After reading all the proposals from students outlining how they would spend their summer making a GOLD version of Wagtail, scoring them and ranking internally, two students made it through. Aman Pandey in Noida, Uttar Pradesh, India, and Paarth Agarwal from Agra, Uttar Pradesh, India.
What is being worked on?
During the first weeks, a good amount of time has been dedicated to letting the mentors and mentees get to know each other, building trust, and looking over the work in the proposals that the mentees had shared to see how it would fit into the public roadmap for Wagtail.
Already though, we have a few wins.
The wagtail documentation site has some new official guidance for sustainability considerations on wagtail projects as you can see in the screenshot below:
It also looks like we’re on track to land a major feature in July, to add AVIF image support into Wagtail.

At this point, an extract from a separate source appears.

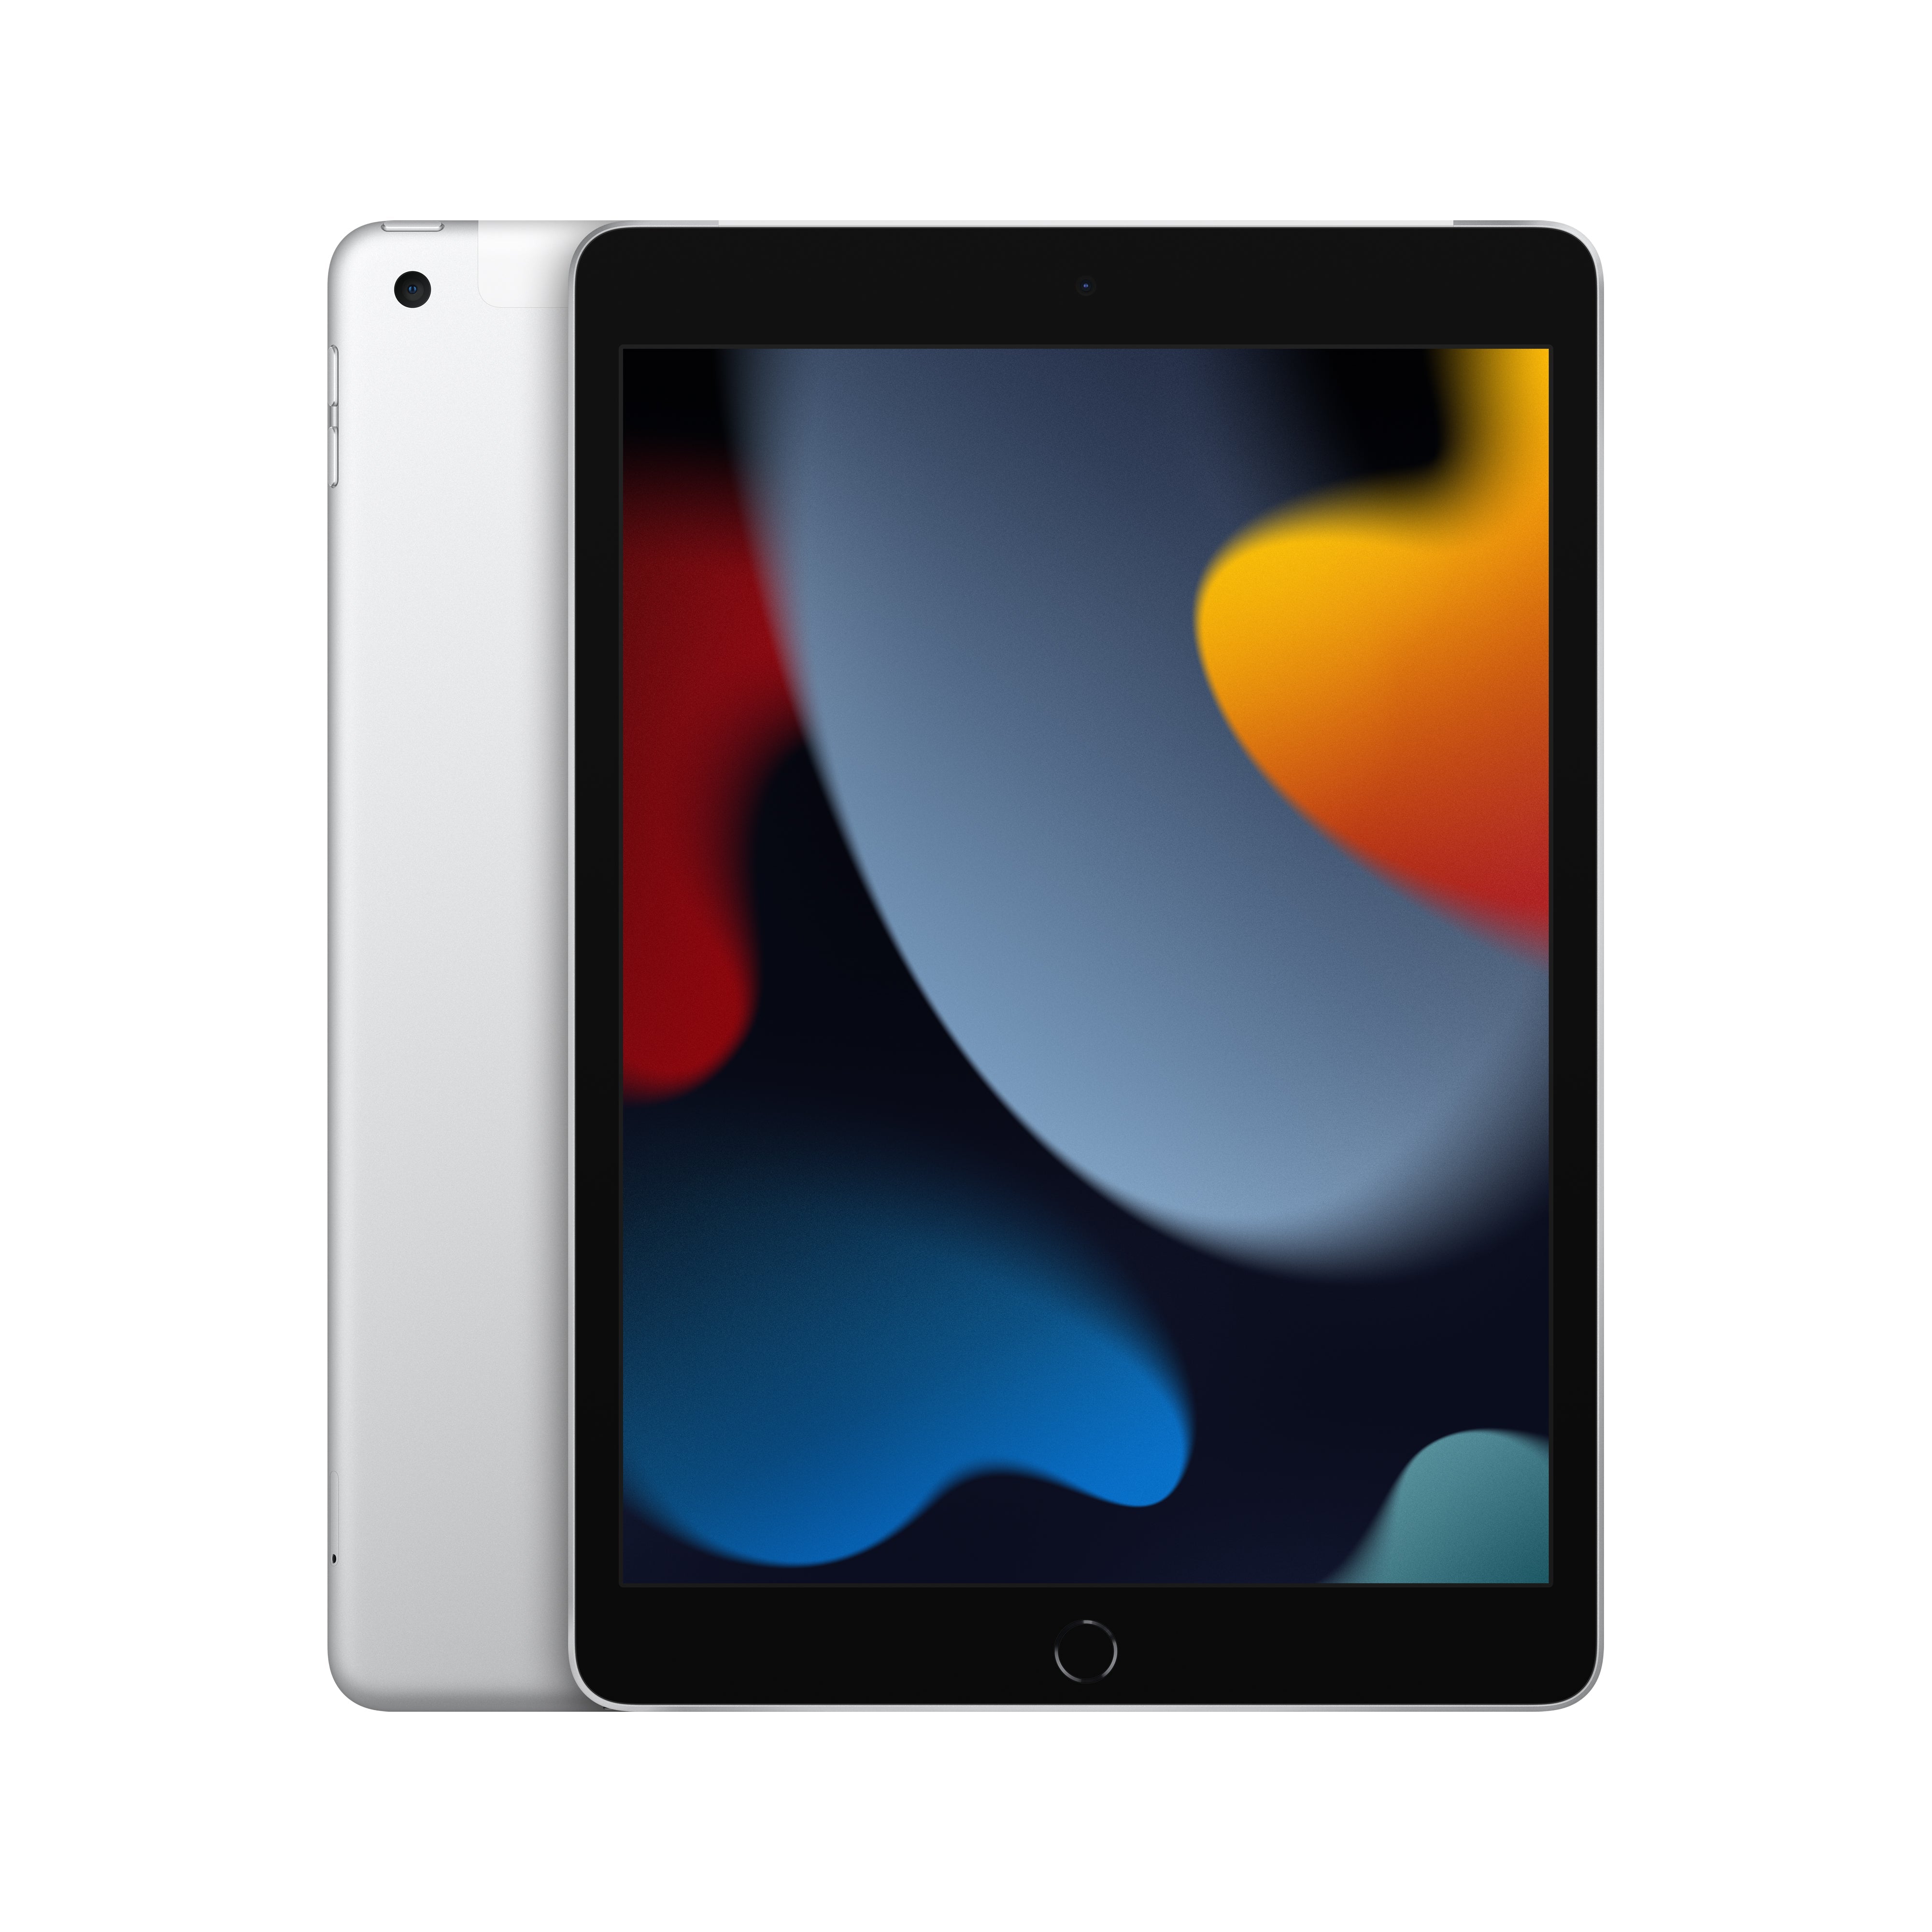 iPad 9th Gen - New Gauge Digital

Large images on websites are one of the first things you might look to work on when auditing and improving a site. The nice thing about AVIF image support is that by using it, you can commonly achieve 2-4 fold savings in filesize compared to PNG and JPEG images – by far the most common formats.
One other part of the work we are doing is to set up a “measurement harness” using Green Coding Berlin’s open source Green Metrics Tools , and the “Wagtail Bakery” Demo as a benchmark. This will quantify the impact of the changes we make in terms of resource usage on the server serving the site, but also in the browser rendering the images.
By doing this, we’ll know if making a change might improve things on the server or might make things worse in the browsers viewing the site served, and vice versa.
You can expect future posts on the Wagtail blog as our mentee students, working with mentors from Torchbox and Green Coding Berlin continue working on making a greener Wagtail.